This is the second post on The Atlas of New Librarianship webinar held on 20 September 2012. In the first post I wrote about the need to distinguish libraries from librarians.
Anyone who knows me well will know that I ask a lot of questions about everything. I ask questions because I want to understand. By asking questions I’m attempting to test the robustness of an approach or idea rather than uncover flaws.
So I was absolutely delighted to hear David Lankes encouraging us to think deeper. It’s not something we as librarians do on a regular basis individually, in teams or as a profession; but I think we need to have these conversations at all levels to survive and thrive.
The primary message of the webinar was that we have to get past what we do as librarians and think about why we do it.
- Why do we have collections?
- Why do we have reference desks?
- Why do we have spine labels?
- Why do we run story times?
- Why do we provide a learning commons?
- Why do we have different lending periods for graduates and undergraduates?

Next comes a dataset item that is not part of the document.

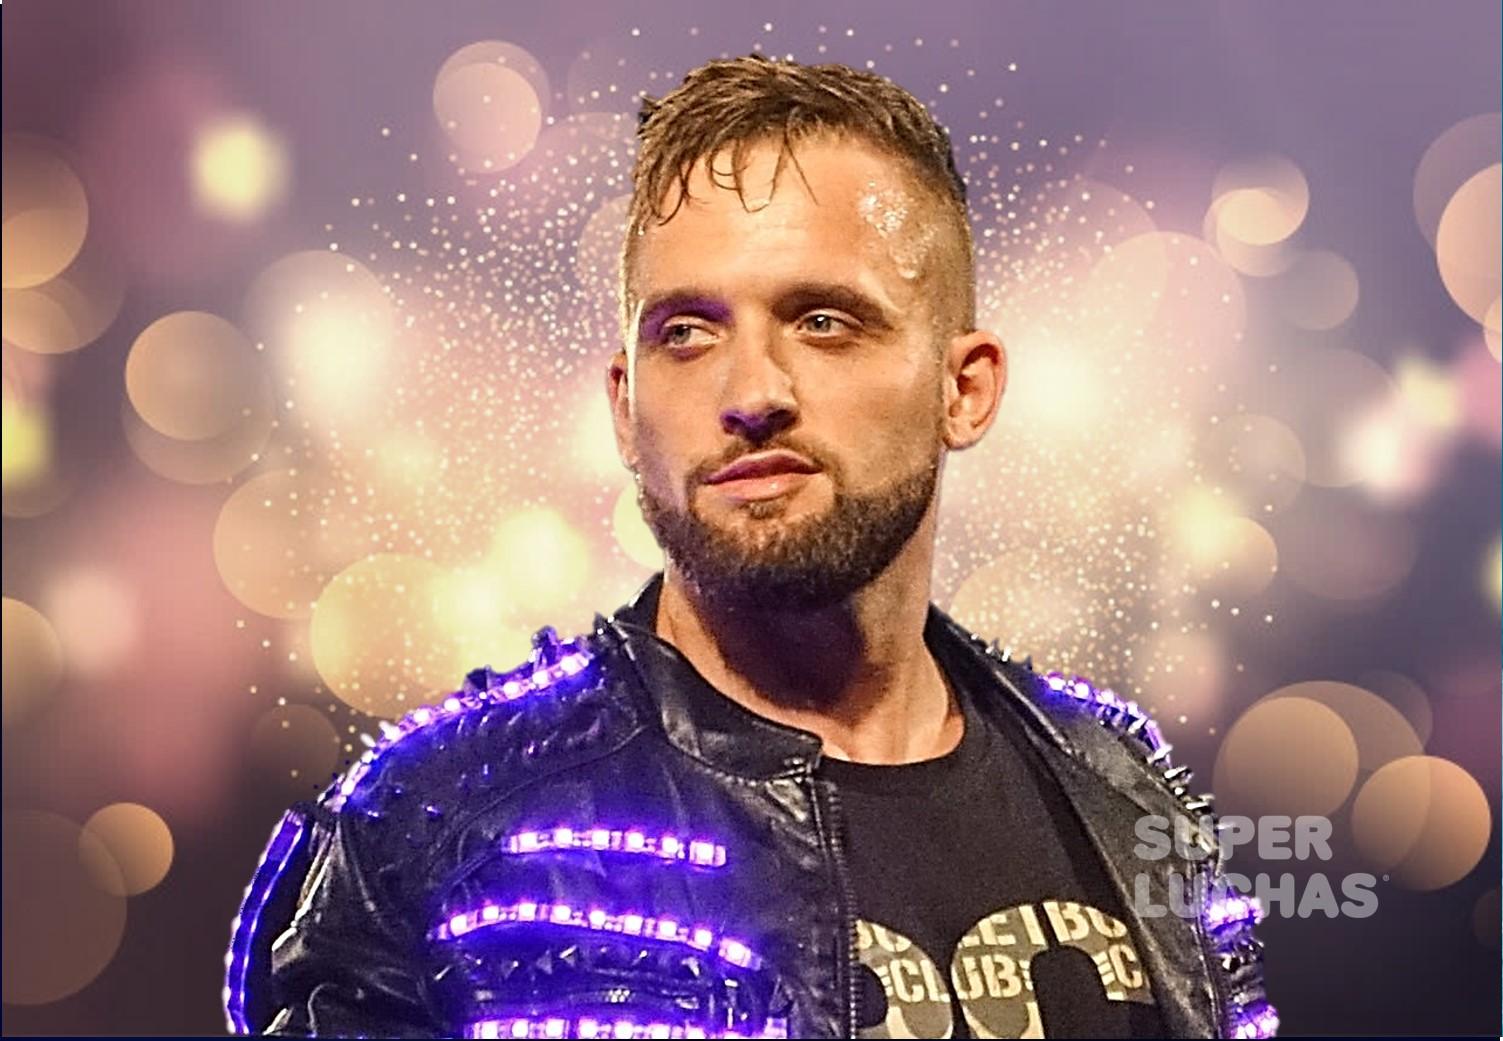 NJPW: El Phantasmo se disculpó por insulto público a Will Ospreay 1
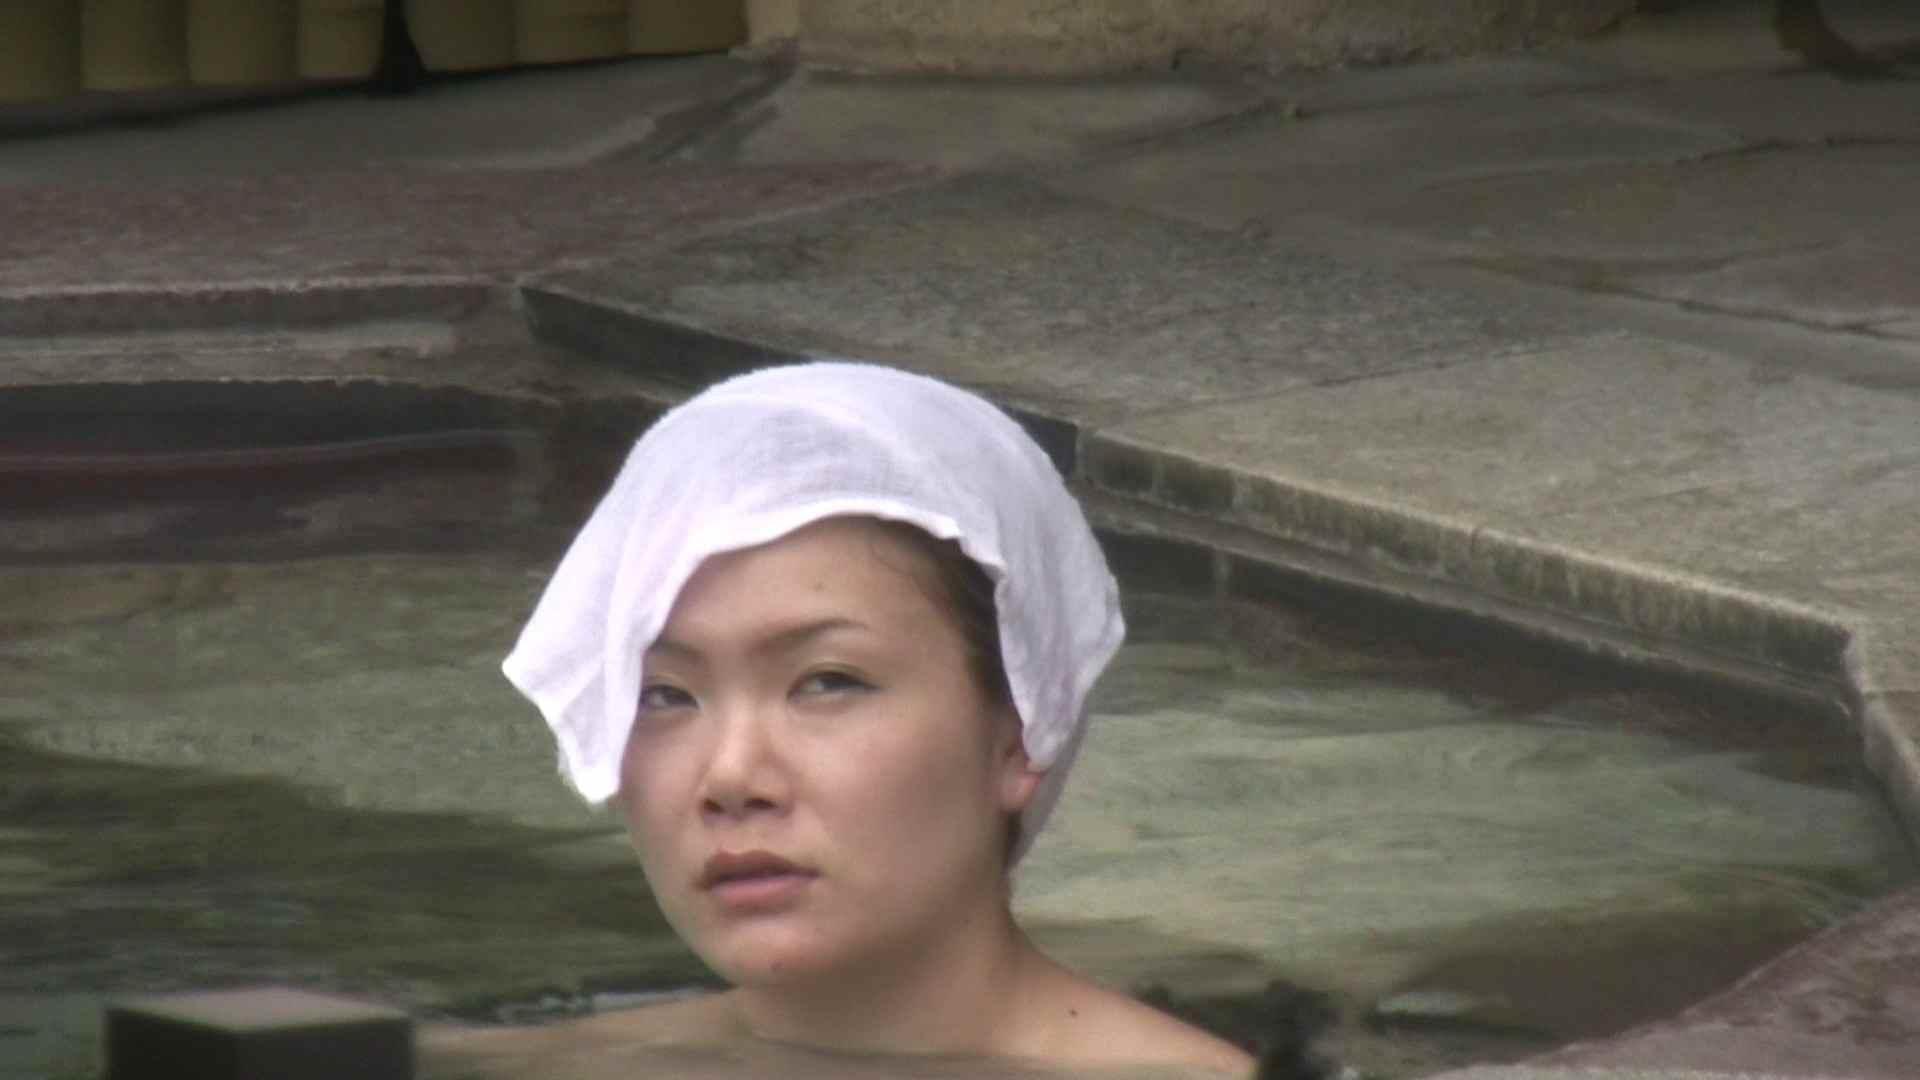 Aquaな露天風呂Vol.12【VIP】 HなOL | 盗撮  83pic 79

- Why do we shelve dvds separately from books?
- Why do we open at 9am?
I could go on but I think you get the idea. 🙂
The point of these questions is to enable us to step away from the ‘what’ of librarianship and focus on the ‘why’ of librarianship. It enables us to forget about ebooks, Google, metadata, budget cuts, social media, marketing or whatever the latest threat (or excitement) is, and to think about how it fits with the purpose of your library.
And once you start thinking like this it certainly throws your ‘known world’ into disarray. But it also provides a sense of freedom – the freedom to explore other worlds, the freedom to let go, and the freedom to improve the value of libraries and librarians.
New librarians are perfectly placed to ask these kinds of questions. And those of us who have been around a while need to encourage and provide opportunities for these conversations to occur.